I was going through old photos the other day and I found a before and after of me doing 30 days on The Body Coach. At the time, I thought there was a HUGE difference in my physique but looking at these photos showed barely any difference. However, I paraded the shores of Aruba on my honeymoon like I owned the gaff.
The difference? I’d taken a healthy approach and I was doing everything in my power to feel good about myself. I was working out, eating good foods (with the odd treat) and being kind to myself.
Aesthetic goals just don’t do it for me anymore. Sure it would be nice to look a certain way but as a motivator it’s about 1/10 to even get me started.
However FEELING good about myself appears to be a different ball game. At the moment my muscles hurt from being so weak. My poor posture gets me down and hurts my back even more. My glutes are a mess. My belly is bloated and my jeans dig in. And I’m spotty (which isn’t usual for me).

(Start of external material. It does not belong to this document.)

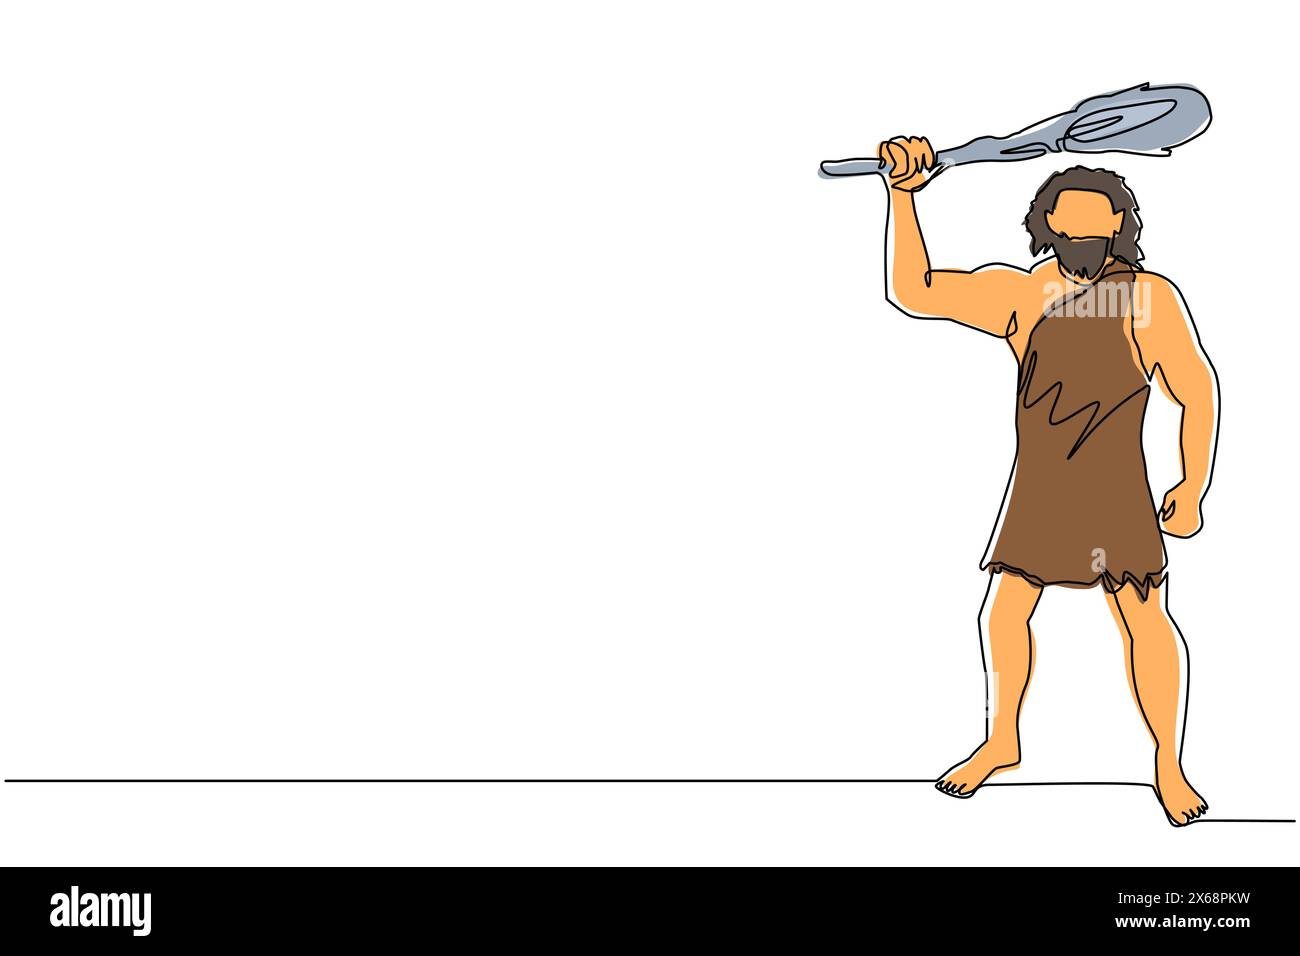 Eine einzige Linie, die prähistorischen Mann hält und Knüppel über dem Kopf hochgehoben hat. Ein Mann jagt ein altes Tier mit Knüppel, Höhlenmensch aus prähistorischer Zeit Stock Vektor

Don’t worry this article isn’t all doom and gloom. As a Christmas present to myself I have signed up for group coaching. As I’ve said before I know everything I could possibly know about weight loss – it’s just me standing in my way.
I plan to continue to stick with my behavioural changes but I’m hoping group coaching will just give me that extra bit of support that I’m clearly lacking. I’m fed up of the pressure of diets,.. I want a lifestyle that facilitates me feeling good about myself.
So I’m that note… Merry Christmas Me!
I hope you all have a fabulous festive period however you celebrate!